Mailing-List: contact yarn-issues-help@hadoop.apache.org; run by ezmlm
Precedence: bulk
Reply-To: yarn-issues@hadoop.apache.org
Date: Tue, 25 Sep 2012 07:18:09 +1100 (NCT)
From: "Vinod Kumar Vavilapalli (JIRA)" <jira@apache.org>
To: yarn-issues@hadoop.apache.org
Message-ID: <446534344.118433.1348517889677.JavaMail.jiratomcat@arcas>
Subject: [jira] [Commented] (YARN-128) Resurrect RM Restart
MIME-Version: 1.0
Content-Type: text/plain; charset=utf-8
Content-Transfer-Encoding: 7bit


    [ https://issues.apache.org/jira/browse/YARN-128?page=com.atlassian.jira.plugin.system.issuetabpanels:comment-tabpanel&focusedCommentId=13462077#comment-13462077 ] 
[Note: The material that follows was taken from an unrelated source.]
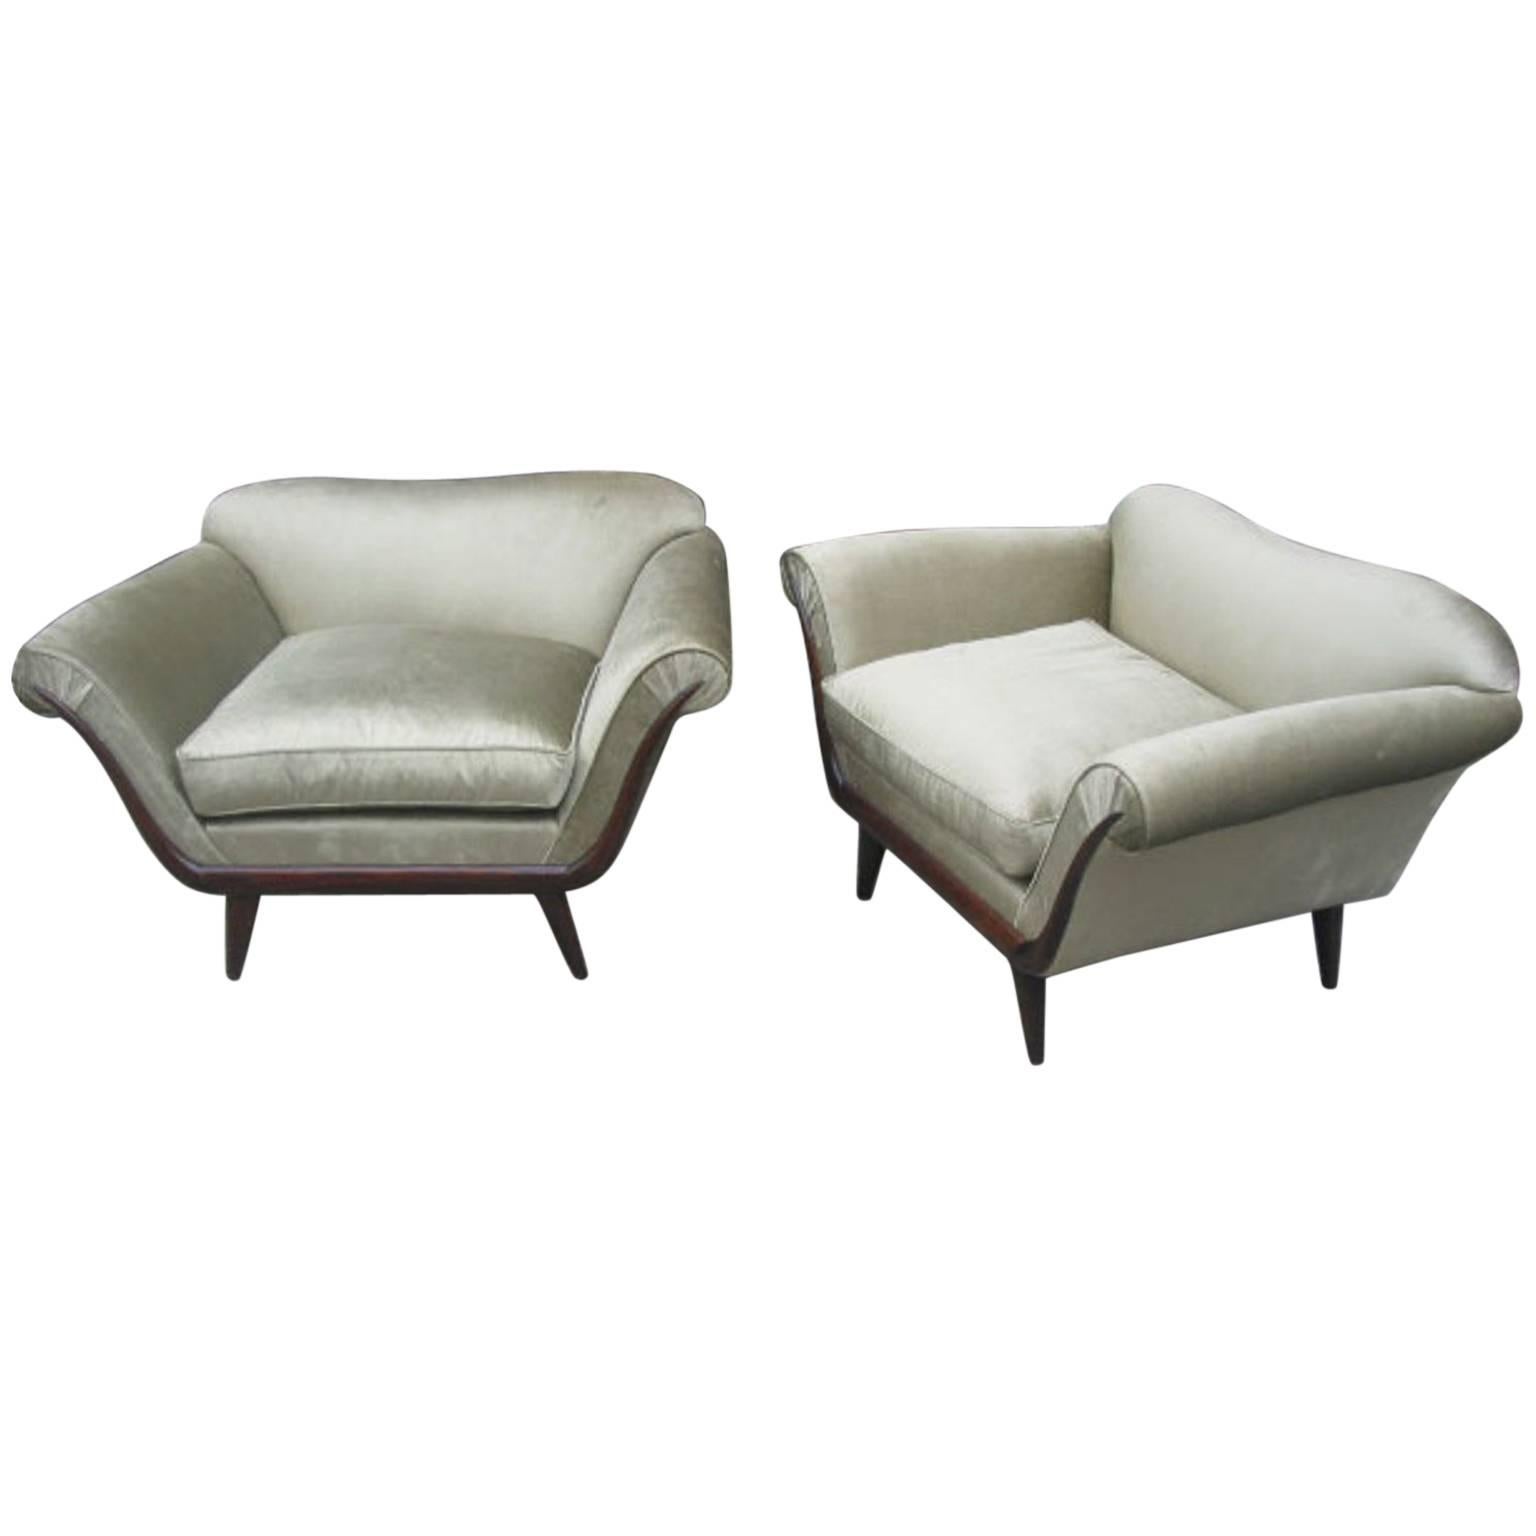 Pair of Armchairs by G. Ulrich, Italian, 1940s For Sale

Vinod Kumar Vavilapalli commented on YARN-128:
----------------------------------------------

+1 for most of your points. Some specific comments:

bq. What about AM's that completed during restart. Re-running them should be a no-op.
AMs should not finish themselves while the RM is down or recovering. They should just spin.

bq. How to handle container releases messages that were lost when RM was down? Will AM's get delivery failure and continue to resend indefinitely?
You mean release requests from AM? Like above, if AMs just spin, we don't have an issue.

bq. Need new AM-RM API to resend asks from AM to RM.
See AMResponse.getRebott(). That can be used to inform AMs to resend all details.

bq. What information about keys and tokens to persist across restart so that existing secure containers continue to run with new RM and new containers.
We already noted this as java comments in code. Need to put in proper documentation.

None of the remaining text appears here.